The p53, TP63, and TP73 genes belong to the p53 family and code for two isoforms, one containing the transactivation domain (TA) and the other truncated (ΔN). Either p53 or the TA isoforms of the other two genes regulate the stability and activity of HIF and are known to be involved in defensive mechanisms, especially against oxidative stresses, a typical feature of hypoxia [32–34].

The TP73 gene product is also essential for proper retinal vasculature formation [35], and, contrasting with TP53 and TP63, there are no reports on the TP73 and Otx genes.

The aim of our study is to evaluate the activation and modulation of the abovementioned set of genes involved in hypoxia response and differentiation in Müller cells treated with CoCl₂in vitro.

2. Materials and Methods

2.1. Cell Line

The MIO-M1 cell line derives from the spontaneous immortalization (at least 100 divisions) of Müller cells obtained from an eye of a 68-year-old female corneal donor, 36 hours after death [36]. They grow in adhesion in Dulbecco's Modified Eagle Medium (DMEM) supplemented with 10% fetal bovine serum (FBS), 1% L-glutamine, and 1% penicillin/streptomycin (complete medium).

2.2. Analysis of the Morphology of MIO-M1 Cells

The morphology of the cells was evaluated with bright-field microscopy using an OLYMPUS IX51 inverted microscope (OLYMPUS, Shinjuku, Tokyo, Japan). The physiological morphology was compared with that described by Limb's research group [37].

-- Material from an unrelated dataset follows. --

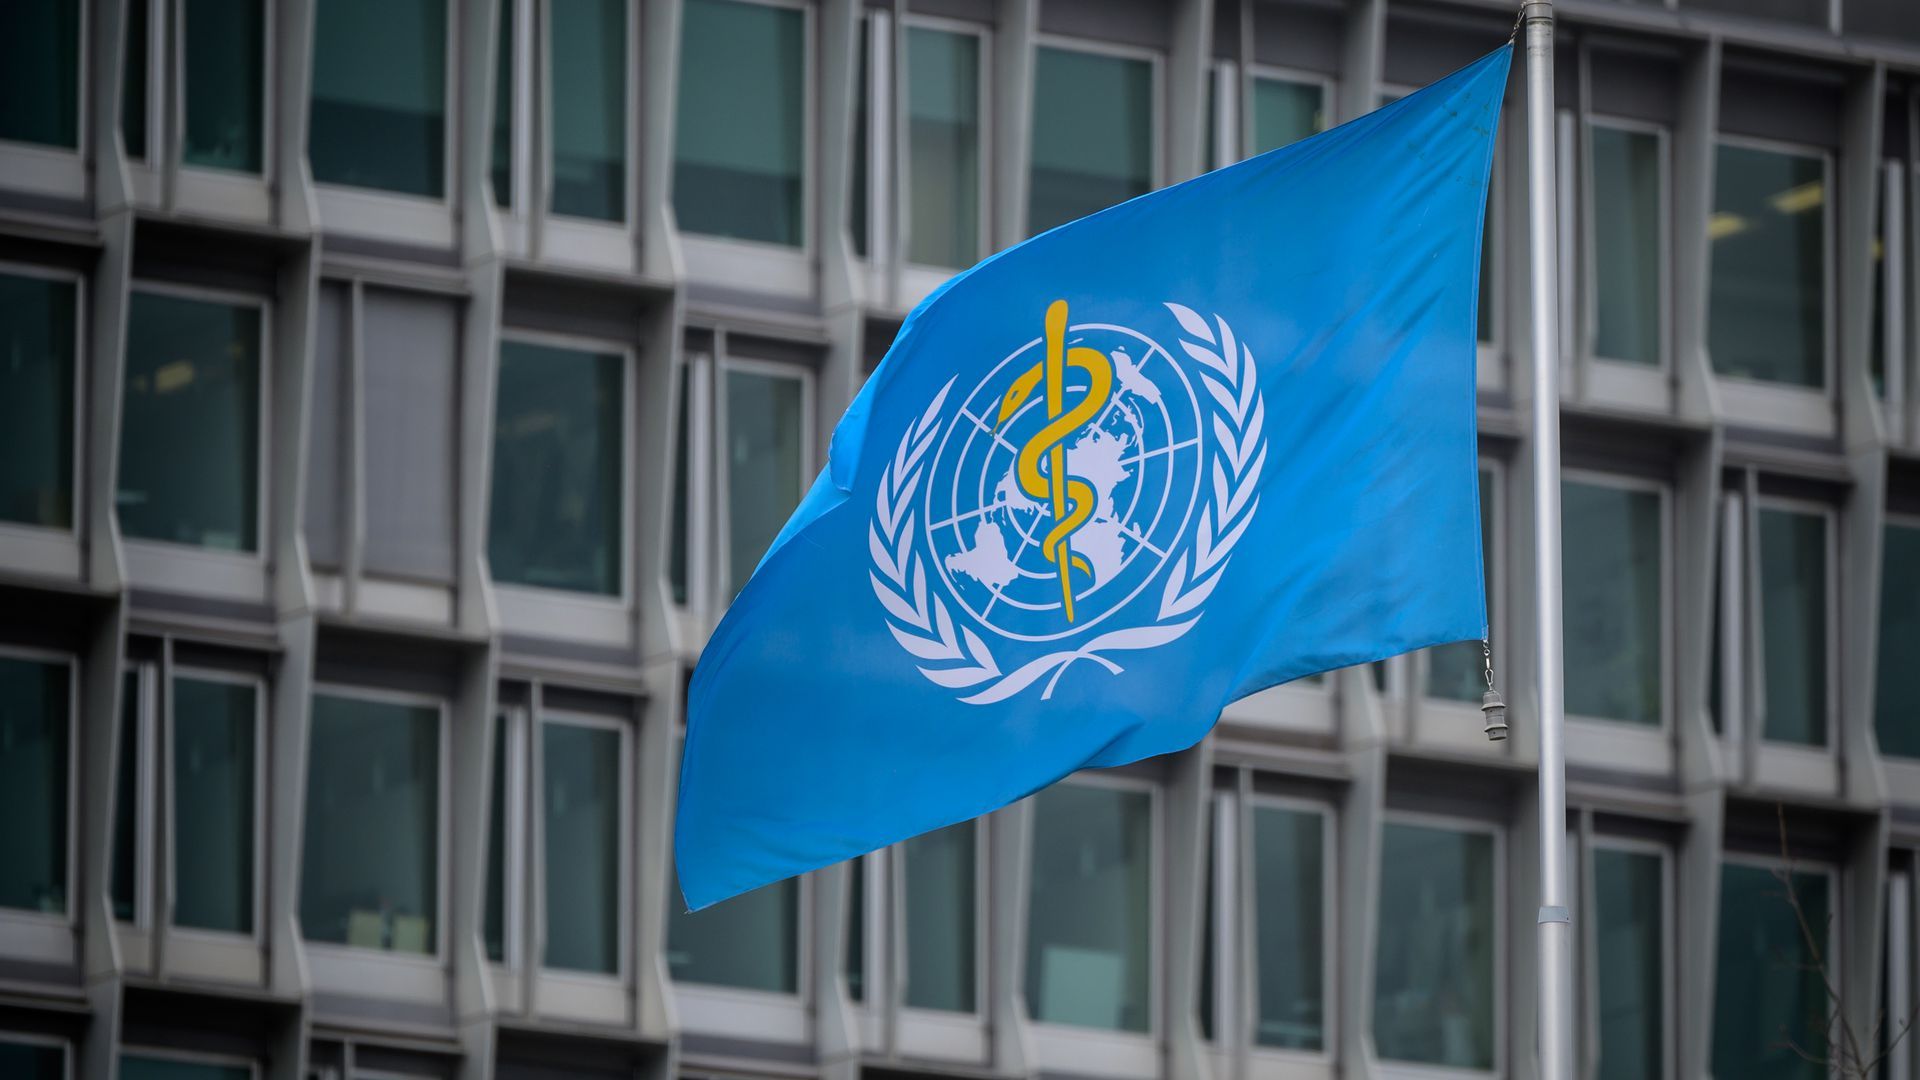 The WHO's headquarters in Geneva.
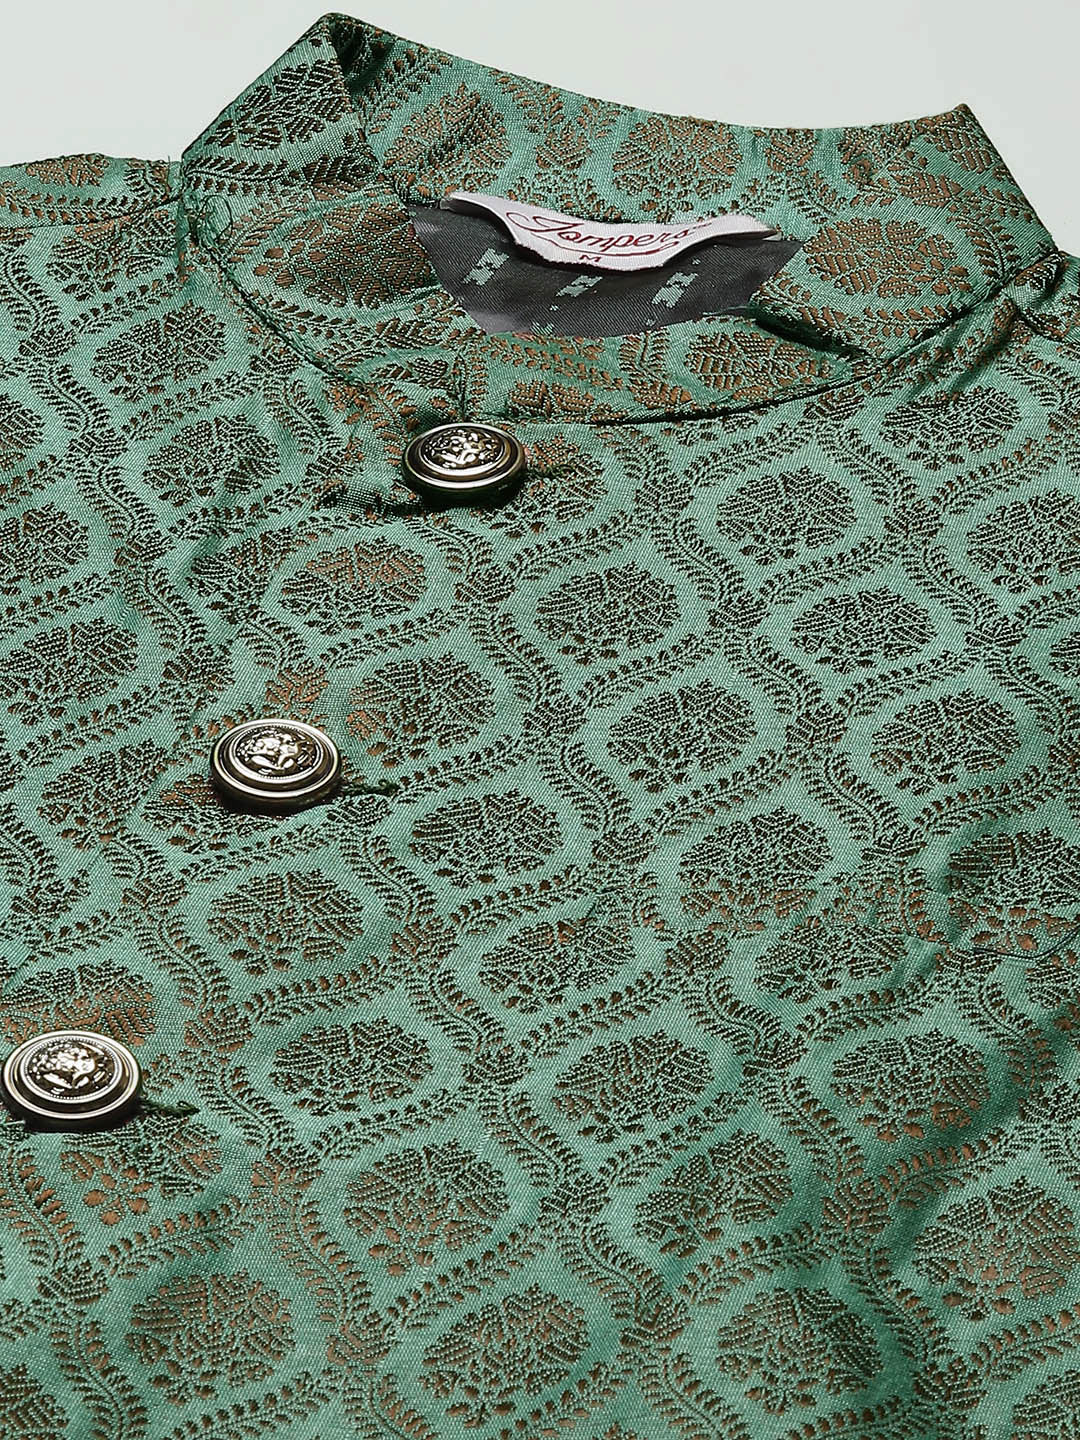 Jompers Men's Green Self-Designed Waistcoat ( JOWC 4028Green )

2.3. Cell Culture Preparation for CoCl₂ Treatment

MIO-M1 cells were cultured as described in the previous paragraph. Upon confluence, the cells were washed twice with sterile PBS (Phosphate Buffered Saline) and detached from the flask using trypsin-EDTA diluted in sterile PBS (1 : 1 ratio).

After a cell count in Trypan Blue through a Luna Cell Counter, to evaluate their viability, the Müller cells were seeded in new flasks.

The treatment was conducted on the cells at four passages after thawing, and generally, the cells were cultured for no more than five to six passages.

2.4. Cobalt Chloride Treatment

CoCl₂ at a final concentration of 100 µM, dissolved in culture-grade water, was used to mimic the hypoxic conditions. The treatment was performed in six-well plates seeded with 25000 cells/well. Before the addition of CoCl₂, cells were maintained for 24 h in DMEM without FBS, to synchronize the cell cycle. Each experiment was performed in triplicate.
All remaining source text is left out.